Lambda Expressions in Power Query - Part 1 - Introduction

By Lukas Hillesheim, 30 August, 2022
Blog Article & Copyright by Lukas Hillesheim
Part 1 of this series shows how lambda expressions work within Power Query iterators. Lambda expressions placed inside an Power Query function will be executed repeatedly. With each call, the iterator passes different data to the lambda expression.
Like SQL, Python, DAX etc., Power Query also offers a set of iterator functions. Often the function names suggest that there is a loop hiding inside, sometimes not. And in some cases it's even hard to understand the specific function as an iterator.

1. Iterators in Power Query

Function name with obvious reference to a loop. The name of an iterator function, such as "List.Accumulate", makes it clear that you pass a list to the function and receive a single item back. It is obvious that a loop is run on the input list to compute the result.
List: { 10, 50, 30 } Result: 90
The business logic within the function could be thougt of as follows:
Screenshot 001 - Iteration obviously inside
Figure 1 - Iteration obviously inside
Hidden iteration.

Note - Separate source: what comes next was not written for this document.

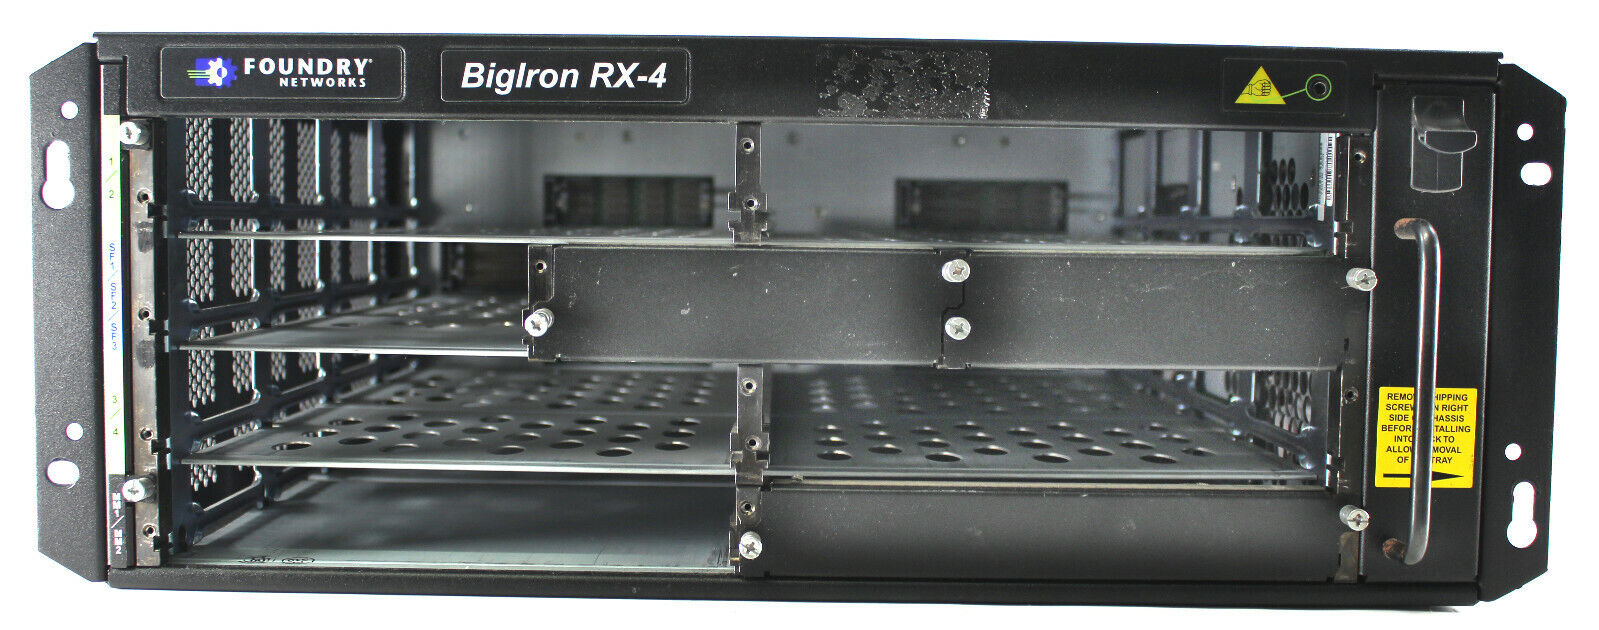 Brocade Foundry BI-RX-4-AC BigIron RX Series 9-Slot Chassis System BI-RX-4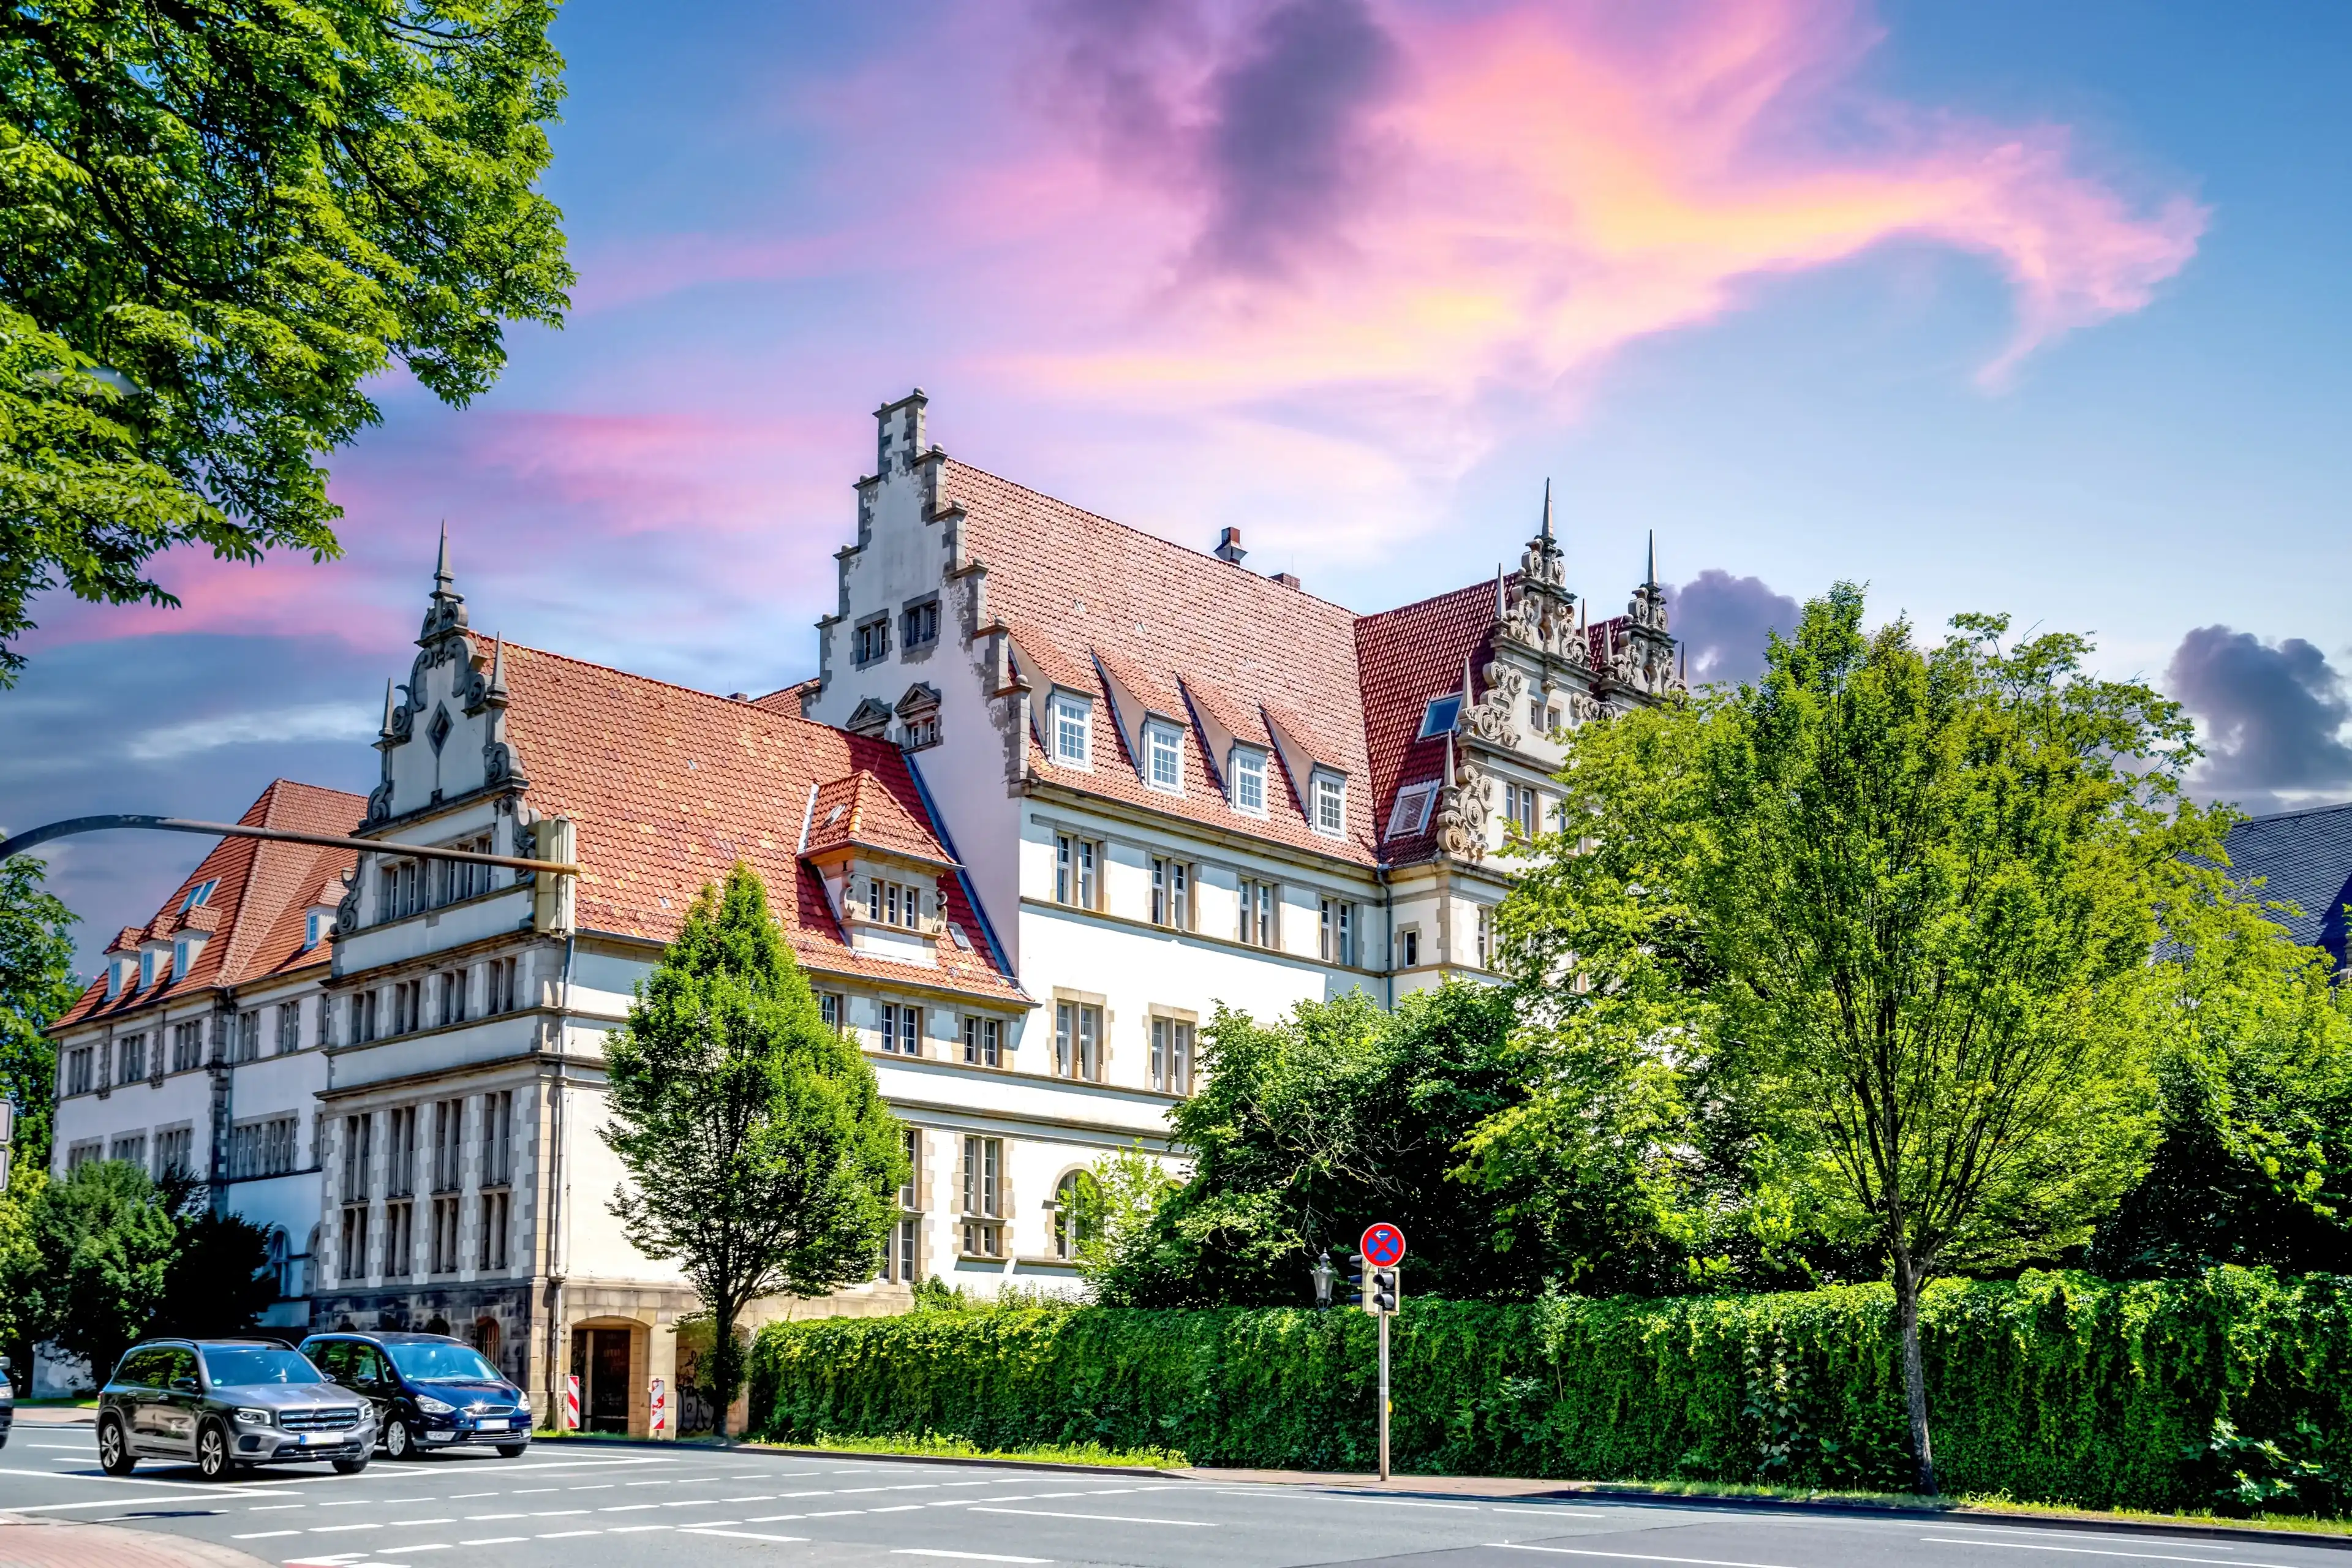 Best Minden hotels. Cheap hotels in Minden, Germany

For other Power Query functions it's not so obvious that they encapsulate an iteration. For example, the Power Query function "Table.SplitColumn" is able to derive multiple columns from the value of a single column. What would the iteration consist of?
Example - table where a column is to be split:
Screenshot 002 - Table with column [Person] to be split
Figure 2 - Table with column [Person] to be split
The string "Judy, Munich" in line 1 can be split using ", " as a separator. Before the scalar values, "Judy" and "Munich", can be placed in new columns, the target columns must already exist. The first step before splitting the string must therefore be to change the table schema by adding two new columns. The last argument of the "Table.SplitColumn" function instructs the engine to create columns "PersonName" and "CityName":
Screenshot 003 - PowerQuery code with 'Table.SplitColumn'
Figure 3 - PowerQuery code & Table.SplitColumn
Step 1 - Modifying the schema. Adding two columns:
Screenshot 004 - Inside 'Table.SplitColumn'. Step 1: Schema modification
Figure 4 - Inside 'Table.SplitColumn'. Step 1: Schema modification. Add column(s)
Step 2 - Filling the new columns.

After the two columns are ready to accept new values, iteration comes into play. The business logic expressed in OOP pseudo-code could look like this:

Screenshot 005 - Inside 'Table.SplitColumn'. Step 2: iteration & split
Figure 5 - Inside 'Table.SplitColumn'. Step 2: Iteration & split
After the loop has finished, the new columns are filled and the original source column can be deleted:
Screenshot 006 - Inside 'Table.SplitColumn'. Step 3: Finished
Figure 6 - Inside 'Table.SplitColumn'. Step 3: Finished

2. Lambda Expressions

The MSDN Syntax Help for "Table.SplitColumns":
  • Table.SplitColumn(
  • table as table,
  • sourceColumn as text,
  • splitter as function,
  • optional columnNamesOrNumber as any,
  • optional default as any,
  • optional extraColumns as any) as table
  • In the Power Query code example above, only the first 4 of the 6 possible arguments are used:
  • - 'table'-Argument: "customer"
  • - 'sourceColumn'-Argument: "Person"
  • - 'function'-Argument: Splitter.SplitTextByDelimiter
  • - 'columnNamesOrNumber'-Argument: "PersonName", "CityName"
The syntax help informs that argument 3 is of type "function".
Whenever you see an argument of type "function", you are free to use a function such as "Splitter.SplitTextByDelimiter". However, you are not limited to BuiltIn functions, syntactically user-defined expressions - lambda expressions - are also allowed.
General syntax for lambda expressions:
Screenshot 008 - Lambda syntax
Figure 7 - Lambda syntax
“=>” is the lambda operator. Together with the expressions on the left and right, you have a lambda expression, an important concept of the Power Query language. Complex code can be written with lambda expressions and problems can be solved that go beyond the capabilities of the Power Query User Interface or BuiltIn functions. In addition to the native Lambda syntax, there are also syntax alternatives that are generally used more frequently. They are more compact and seem easier for beginners to understand. They are explained at the end of the article.
A lambda expression consists of three parts: on the left side of the lambda operator "=>" there are round brackets that enclose zero, one or more variables. As with any variable, you are free to choose an appropriate name. On the right side of the lambda operator is an expression that can use the variable(s) on the left.
The code above can be rewritten using the native syntax as follows:
Screenshot 008 - Lambda expression rewrite (detailed syntax)
Figure 8 - Lambda function rewrite (native syntax)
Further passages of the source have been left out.